When the scroll reaches a high temperature, heat is transferred to the stator housing, and the temperature of the stator housing rises. When the temperature of the stator housing rises, the temperature of the stator and rotor of the motor rises.
When the stator is a coil, it is preferable that the temperature does not increase in order to suppress an increase in resistance. When the rotor is a permanent magnet, it is preferable that the temperature does not increase because the magnetic force may deteriorate due to the temperature increase.
[0004]
A scroll used in a gas turbine including a compressor that generates compressed air and a combustor that is supplied with the compressed air and generates high-temperature combustion gas, the high-temperature combustion gas supplied from the combustor A scroll body that forms a predetermined space that flows, and a scroll housing that is spaced apart from the scroll body by a predetermined distance so as to surround the scroll body, and between the scroll body and the scroll housing, A flow path through which the compressed air flows is formed, an inlet end of the flow path communicates with an outlet of the compressor, and an outlet end of the flow path is opened toward the combustor side. The scroll is disclosed (for example, Patent Document 1).
[0005]
[Patent Document 1]
Japanese Patent Laid-Open No. 2000-234736
[Problems to be solved by the invention]
The objective of this invention is providing the compressor by which the temperature rise of a stator housing is suppressed.

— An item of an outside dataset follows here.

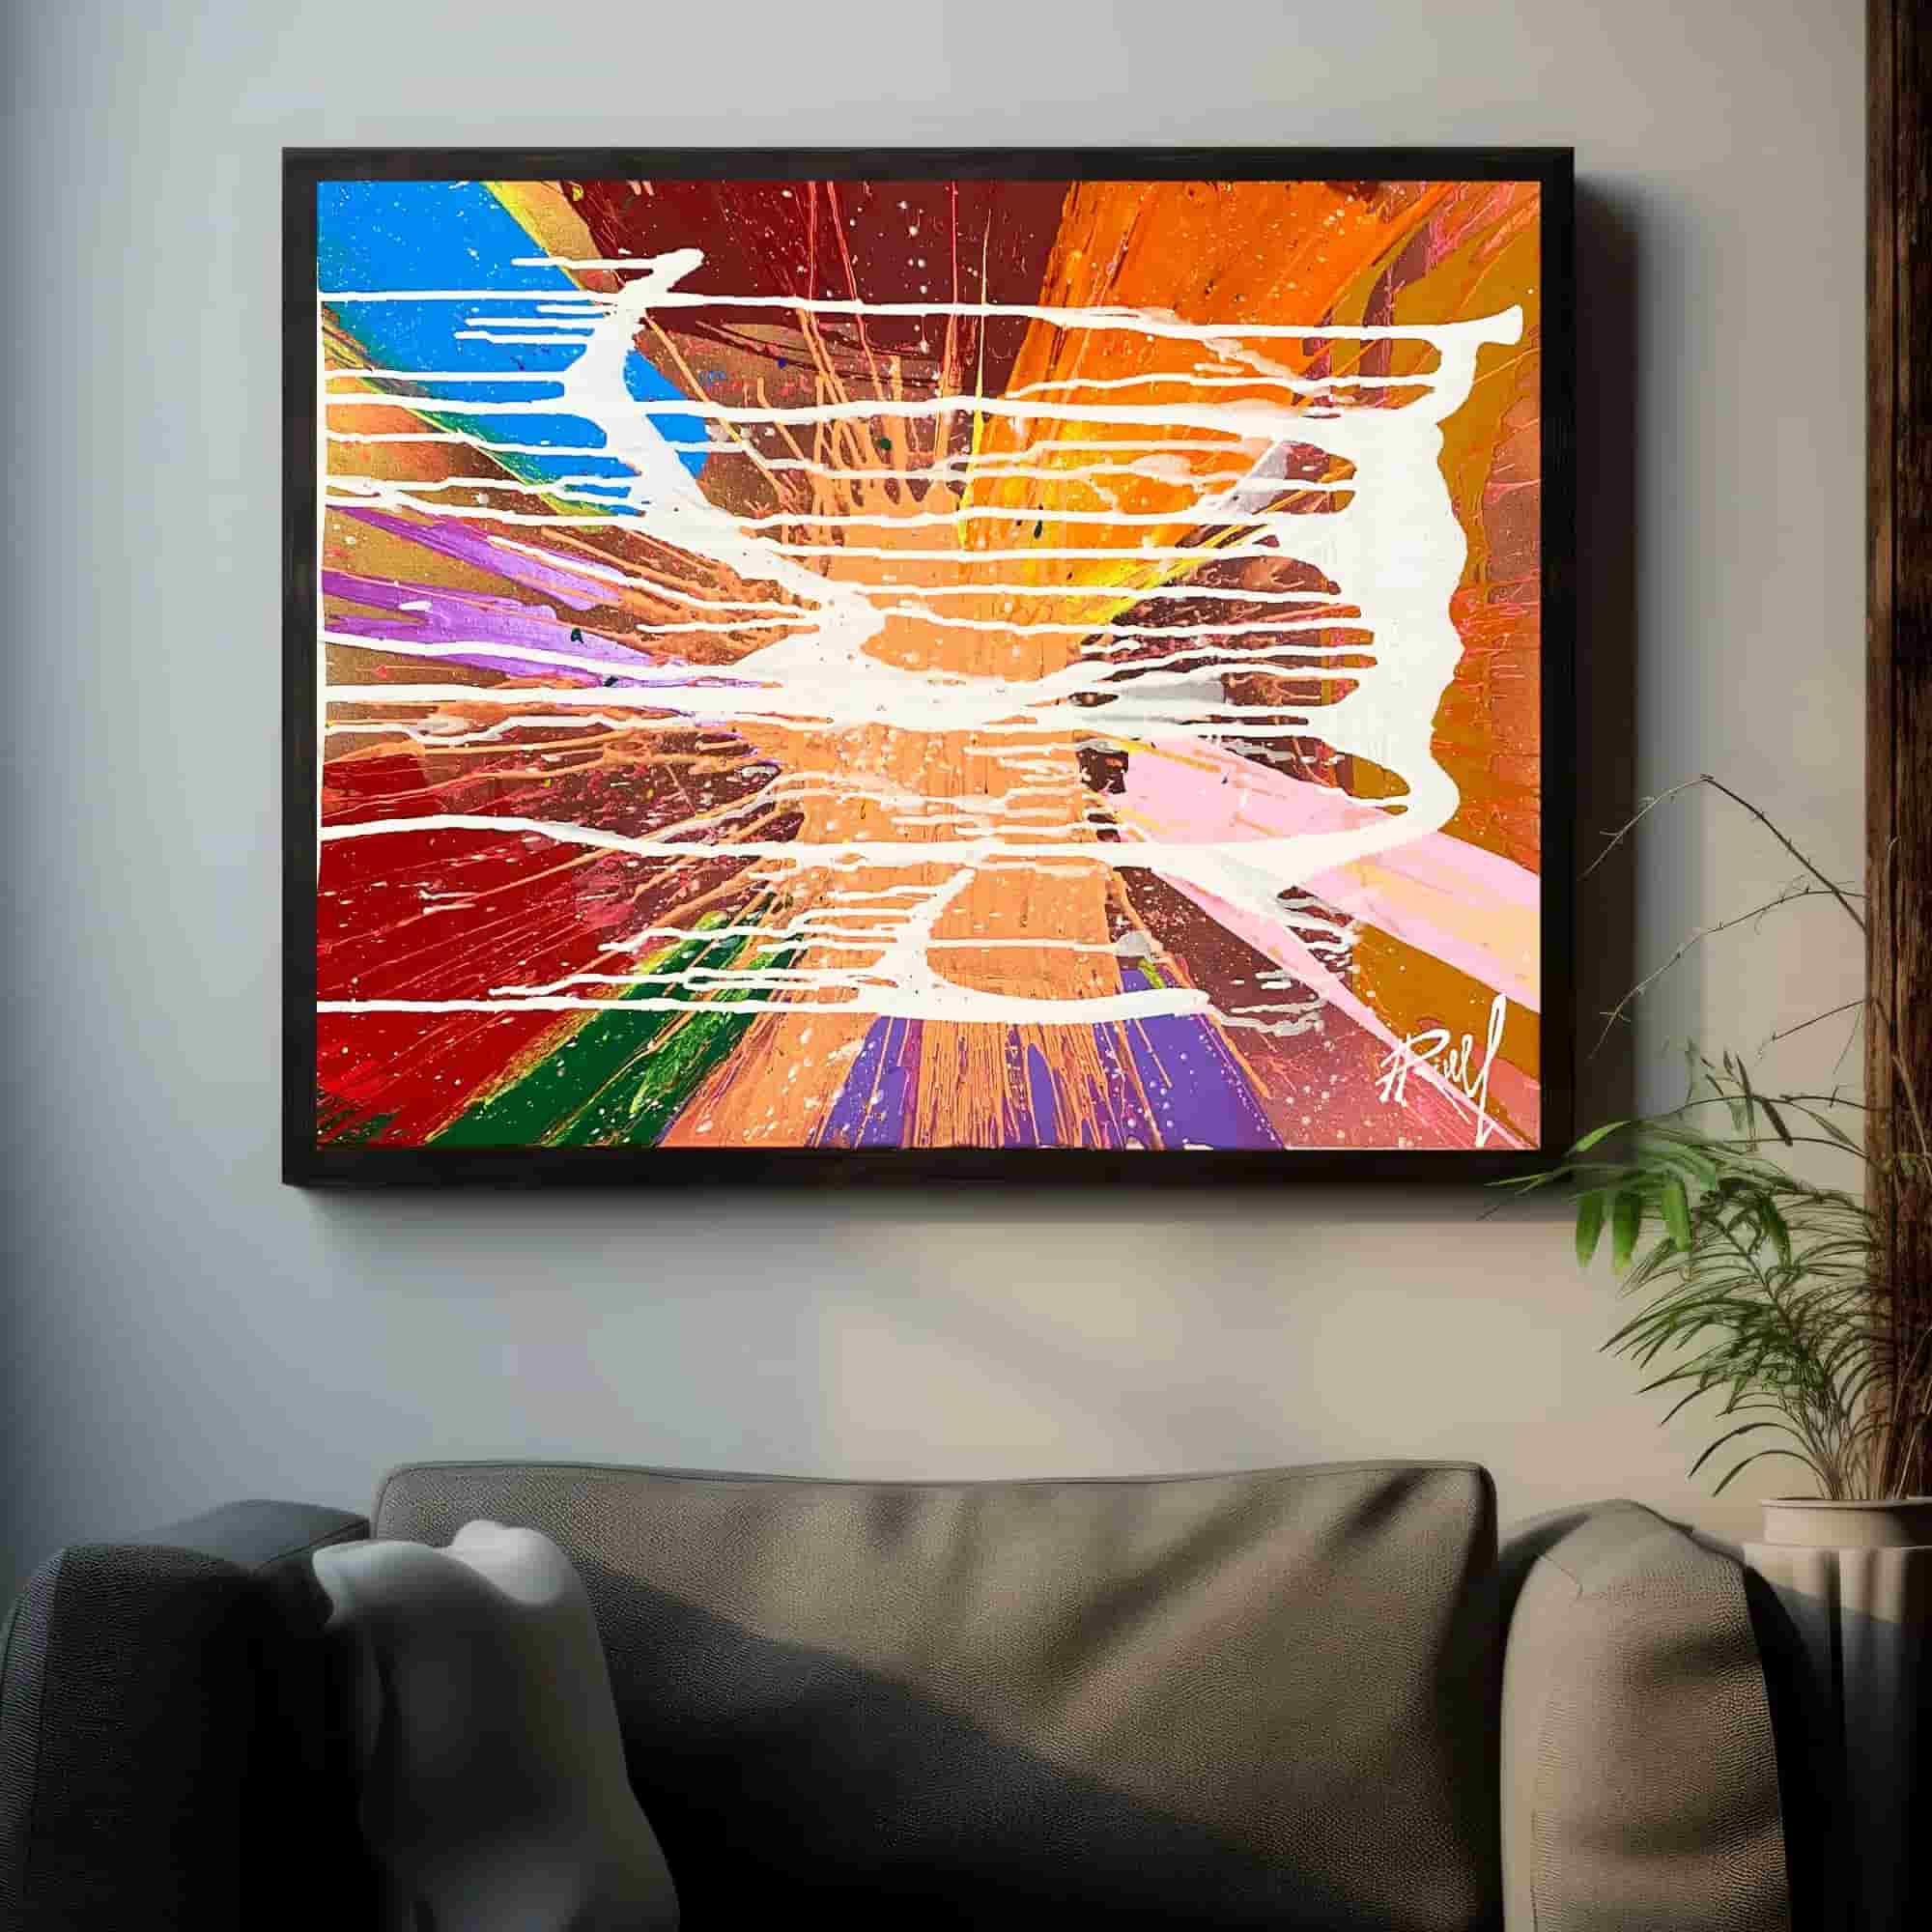 Living room decor accentuated by a spin art canvas painting using acrylic paints, a brilliant manifestation of painting style in the full spectrum of daylight.

An object of the present invention is to provide a compressor in which the amount of heat transfer from the scroll to the stator housing is suppressed.
[0007]
[Means for Solving the Problems]
The means for solving the problem will be described below using the numbers and symbols used in the [Embodiments of the Invention]. These numbers and symbols are added to clarify the correspondence between the description of [Claims] and the description of [Mode for carrying out the invention]. It should not be used to interpret the technical scope of the described invention.
[0008]
The compressor of the present invention is driven by a motor (11) having a stator (4) and a rotor (3), a stator housing (5) covering the stator (4), and a motor (11). A rotary blade (2) and a scroll (1) to which gas is pumped by the rotary blade (2) are provided.
The scroll (1) and the stator housing (5) are installed integrally, and have a heat transfer resistance portion that suppresses heat transfer between the scroll (1) and the stator housing (5).

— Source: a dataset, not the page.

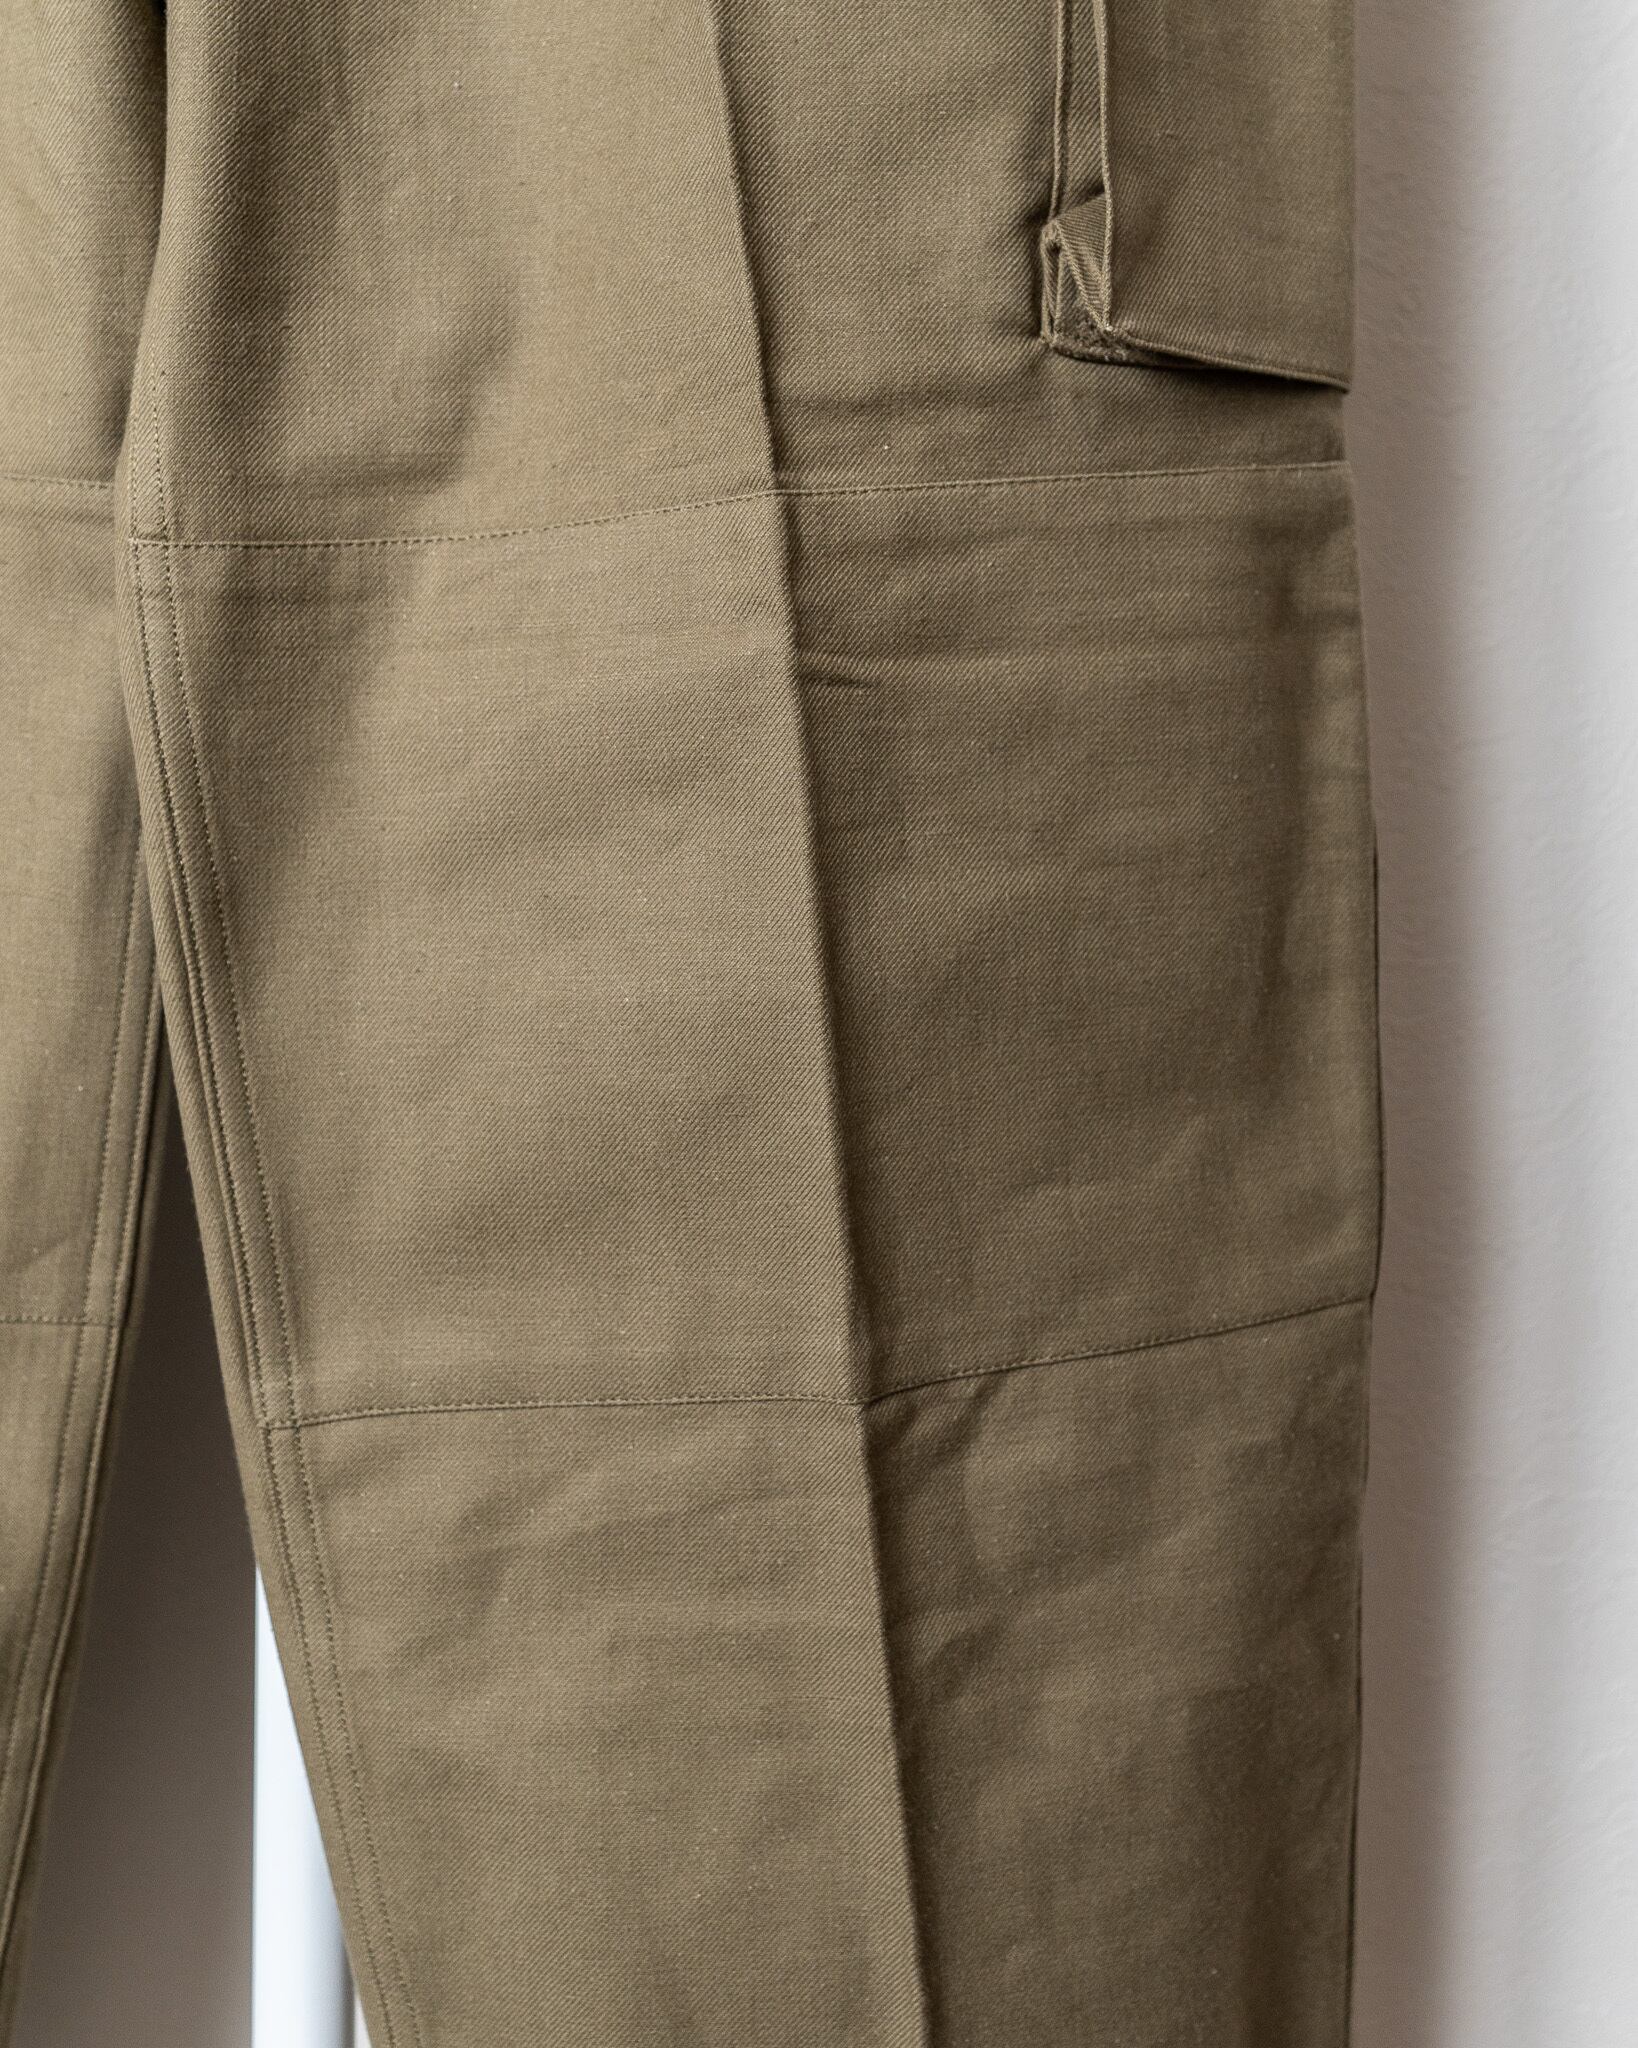 DEADSTOCKFrench Army M Trousers Early Model Size ① 実物

By suppressing the heat transfer from the scroll (1) to the stator housing (5), the temperature rise of the stator housing (5) can be suppressed.
[0009]
The compressor of the present invention is driven by a motor (11) having a stator (4) and a rotor (3), a stator housing (5) covering the stator (4), and a motor (11). A rotary blade (2) and a scroll (1) to which gas is pumped by the rotary blade (2) are provided.

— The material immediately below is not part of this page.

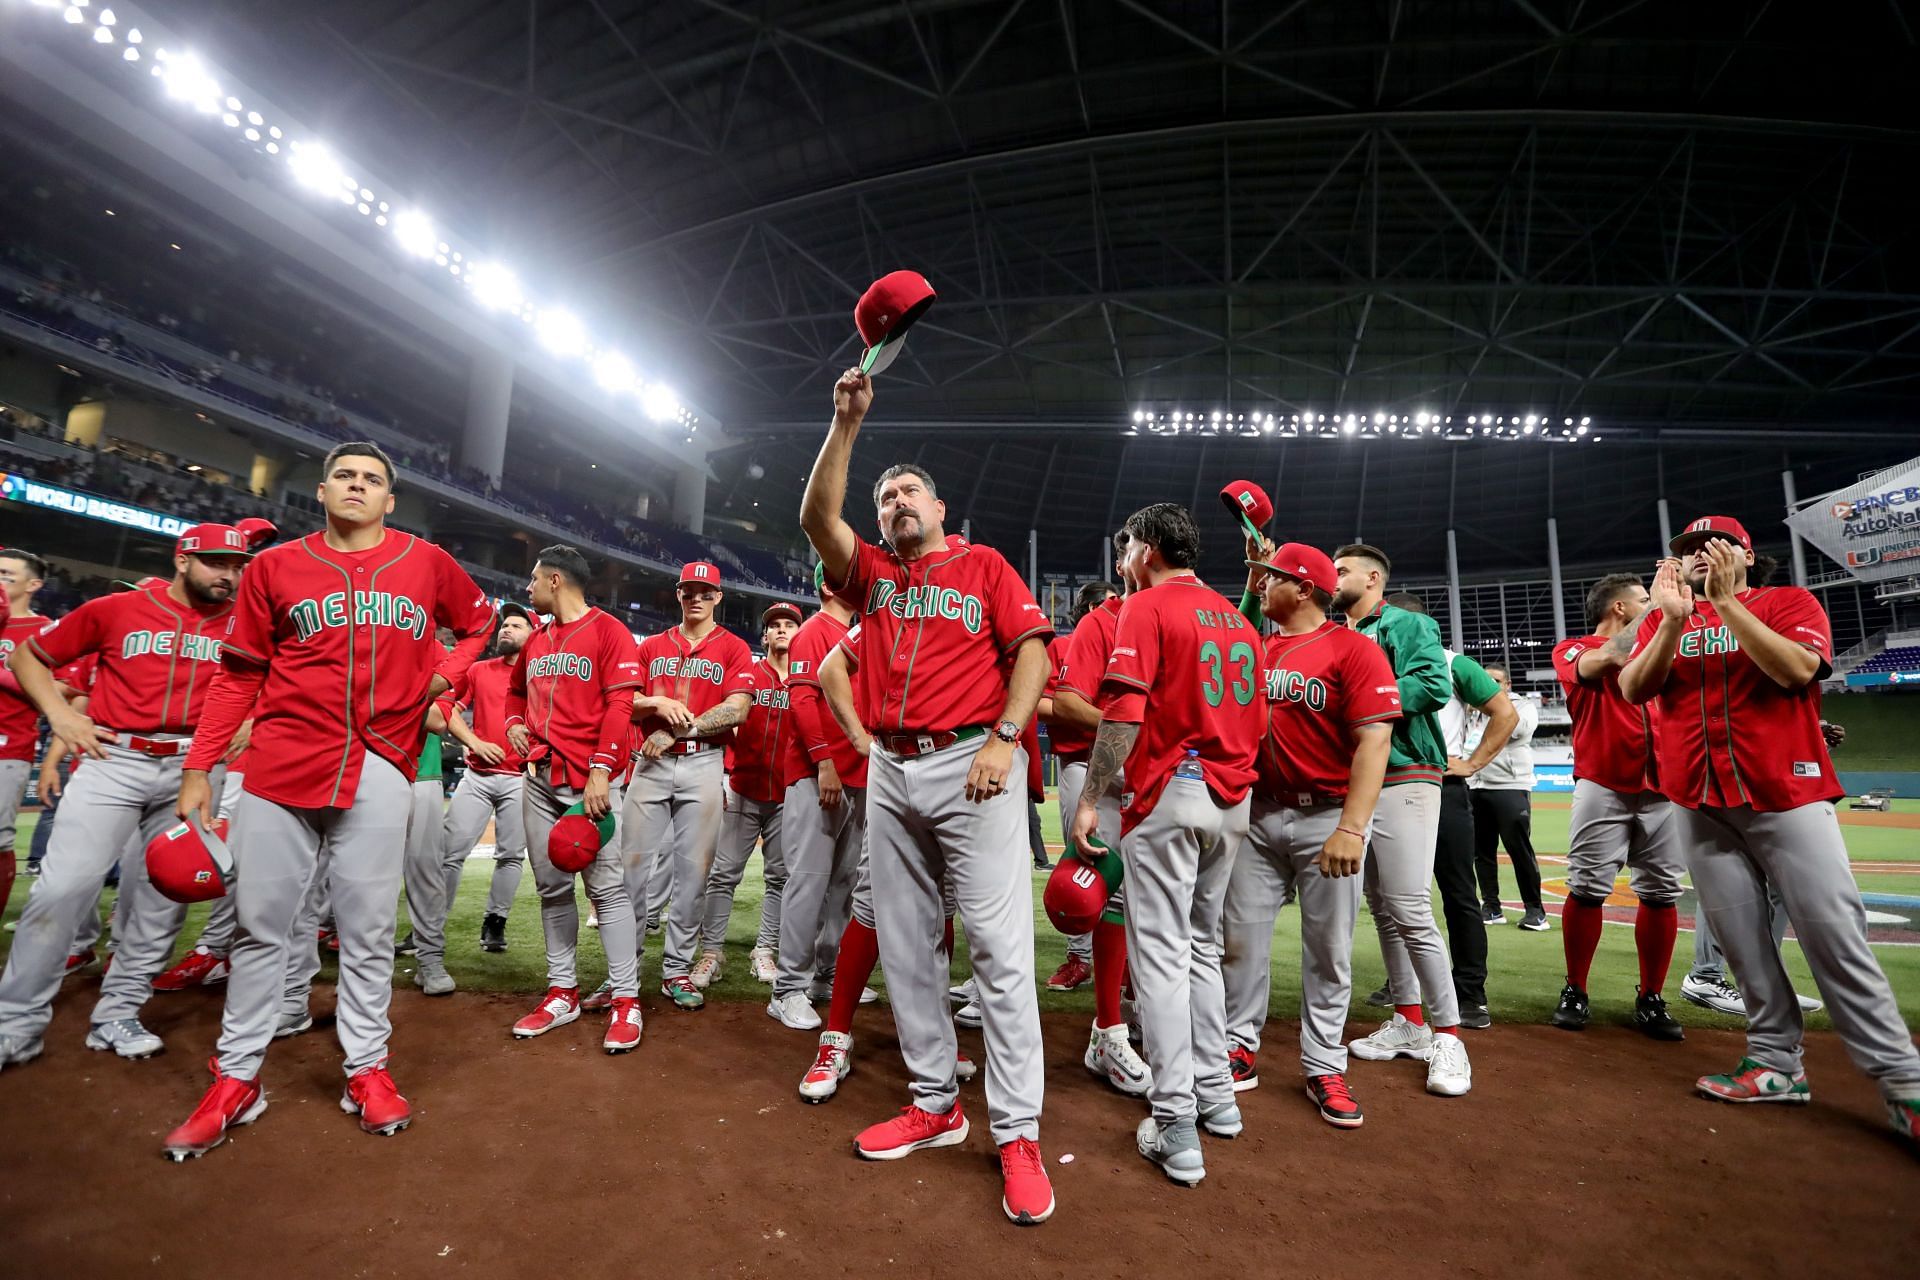 MLB News: The Japan players that Mexico must fear most ahead of semi-final

The scroll (1) and the stator housing (5) are installed integrally, and have a recess between the scroll (1) and the stator housing (5).
Due to the recess between the scroll (1) and the stator housing (5), the heat transfer path from the scroll (1) to the stator housing (5) becomes longer, and the heat transfer area can be reduced. Further, the surface area is increased by the recess, and the heat dissipation amount is increased.
[0010]
The compressor of the present invention is driven by a motor (11) having a stator (4) and a rotor (3), a stator housing (5) covering the stator (4), and a motor (11). A rotary blade (2) and a scroll (1) to which gas is pumped by the rotary blade (2) are provided.
The scroll (1) and the stator housing (5) are installed integrally, and between the scroll (1) and the stator housing (5), the rotating shaft (6) of the motor (11) extends from the outer periphery of the rotor blade (2). Is connected closer to the rotating shaft (6) than the distance up to.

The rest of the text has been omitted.